Luginbühl P, Güntert P, Billeter M, Wüthrich K
Institut für Molekularbiologie und Biophysik, Eidgenössische Technische Hochschule-Hönggerberg, Zürich, Switzerland.
J Biomol NMR. 1996 Sep;8(2):136-46. doi: 10.1007/BF00211160.

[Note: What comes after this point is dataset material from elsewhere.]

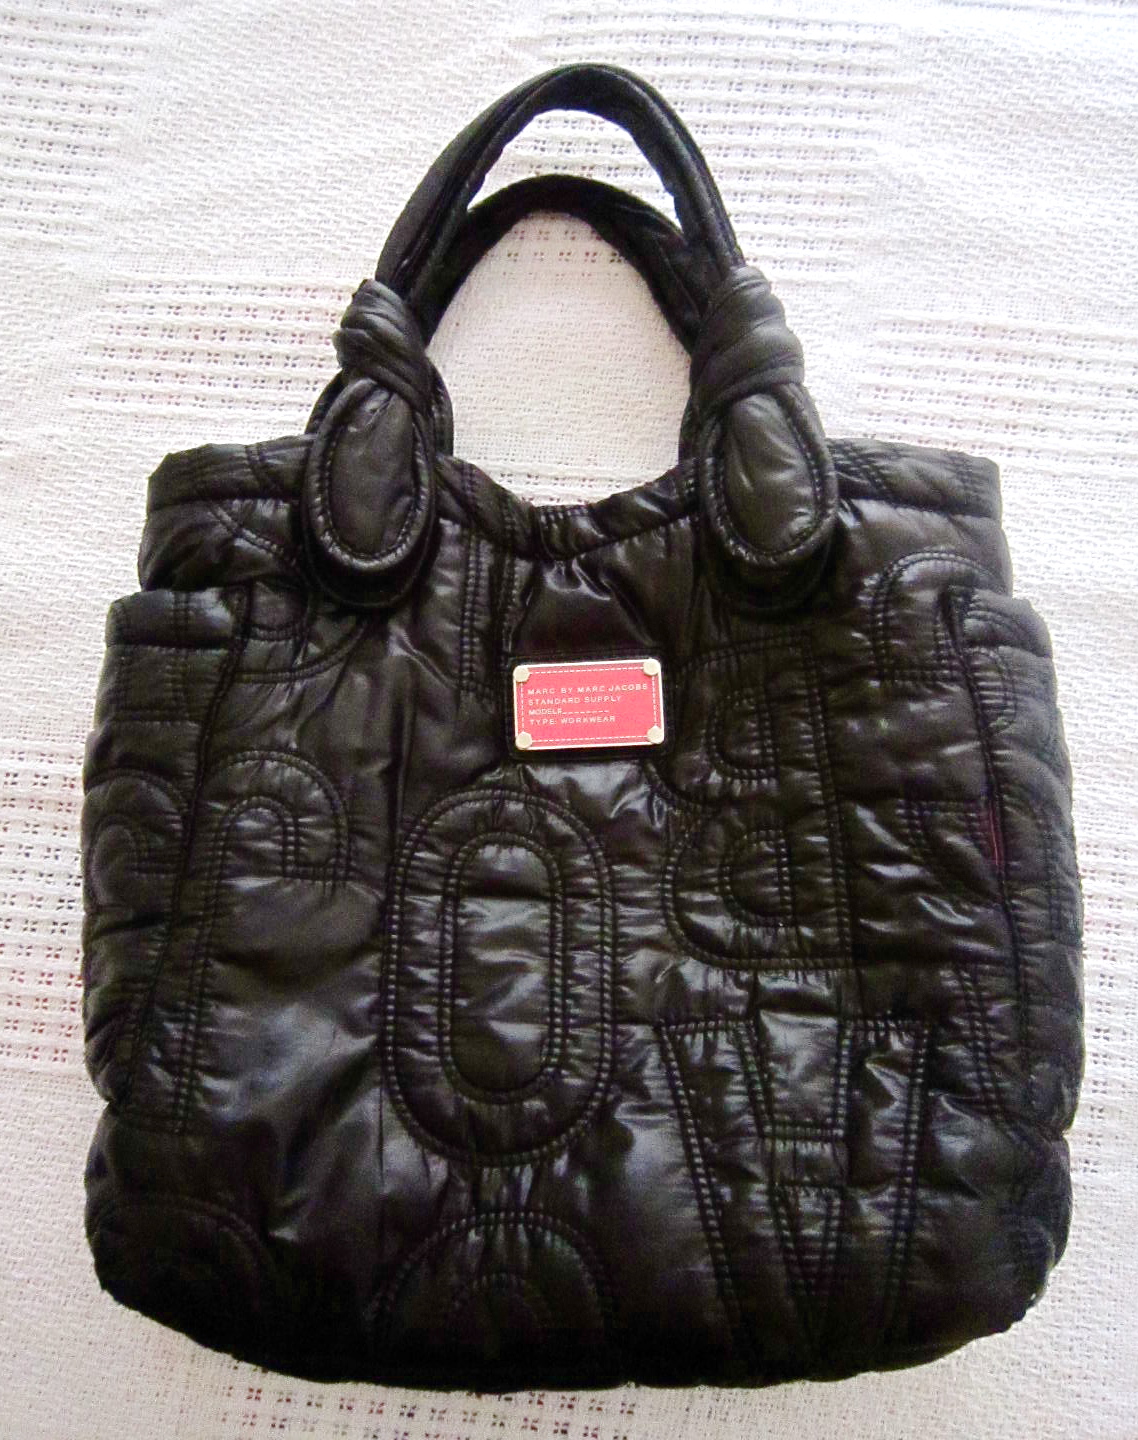 Genuine MARC BY MARC JACOBS Workwear Quilted Handbag. STANDARD SUPPLY Nylon  Tote
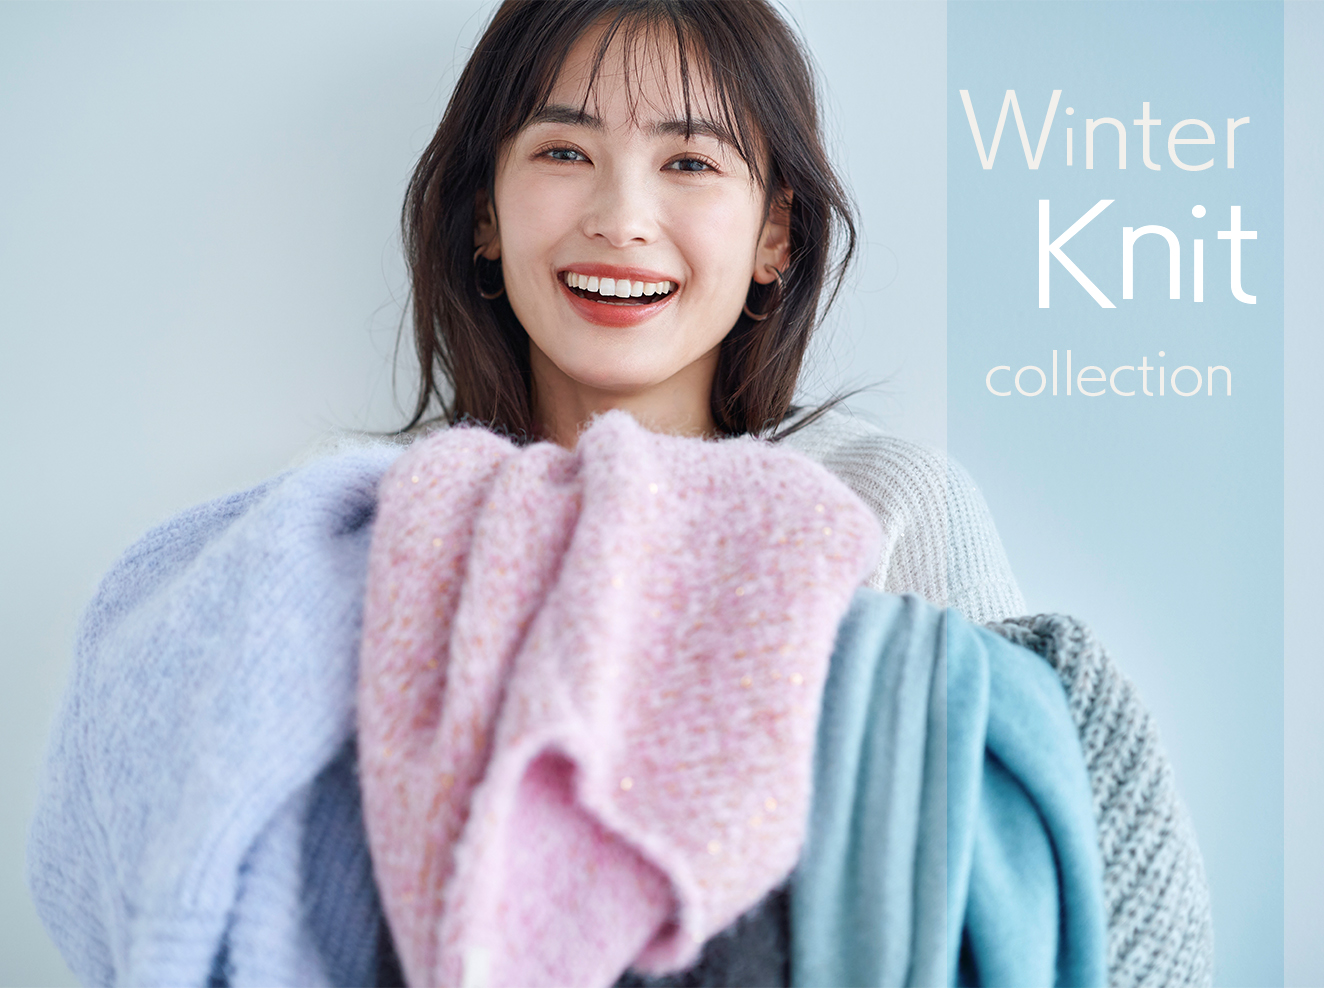 Winter Knit collection｜Stola.（ストラ）公式通販サイト

A new program for molecular dynamics (MD) simulation and energy refinement of biological macromolecules, OPAL, is introduced. Combined with the supporting program TRAJEC for the analysis of MD trajectories, OPAL affords high efficiency and flexibility for work with different force fields, and offers a user-friendly interface and extensive trajectory analysis capabilities. Salient features are computational speeds of up to 1.5 GFlops on vector supercomputers such as the NEC SX-3, ellipsoidal boundaries to reduce the system size for studies in explicit solvents, and natural treatment of the hydrostatic pressure. Practical applications of OPAL are illustrated with MD simulations of pure water, energy minimization of the NMR structure of the mixed disulfide of a mutant E. coli glutaredoxin with glutathione in different solvent models, and MD simulations of a small protein, pheromone Er-2, using either instantaneous or time-averaged NMR restraints, or no restraints.
介绍了一种用于生物大分子分子动力学(MD)模拟和能量优化的新程序OPAL。结合用于MD轨迹分析的支持程序TRAJEC,OPAL在处理不同力场时具有高效性和灵活性,并提供用户友好的界面和广泛的轨迹分析功能。显著特点包括在诸如NEC SX-3等向量超级计算机上高达1.5 GFlops的计算速度、用于在显式溶剂中进行研究以减小系统大小的椭球边界以及对静水压力的自然处理。通过对纯水的MD模拟、在不同溶剂模型中对突变型大肠杆菌谷氧还蛋白与谷胱甘肽的混合二硫键的NMR结构进行能量最小化以及使用瞬时或时间平均NMR约束或无约束对小蛋白信息素Er-2进行MD模拟,展示了OPAL的实际应用。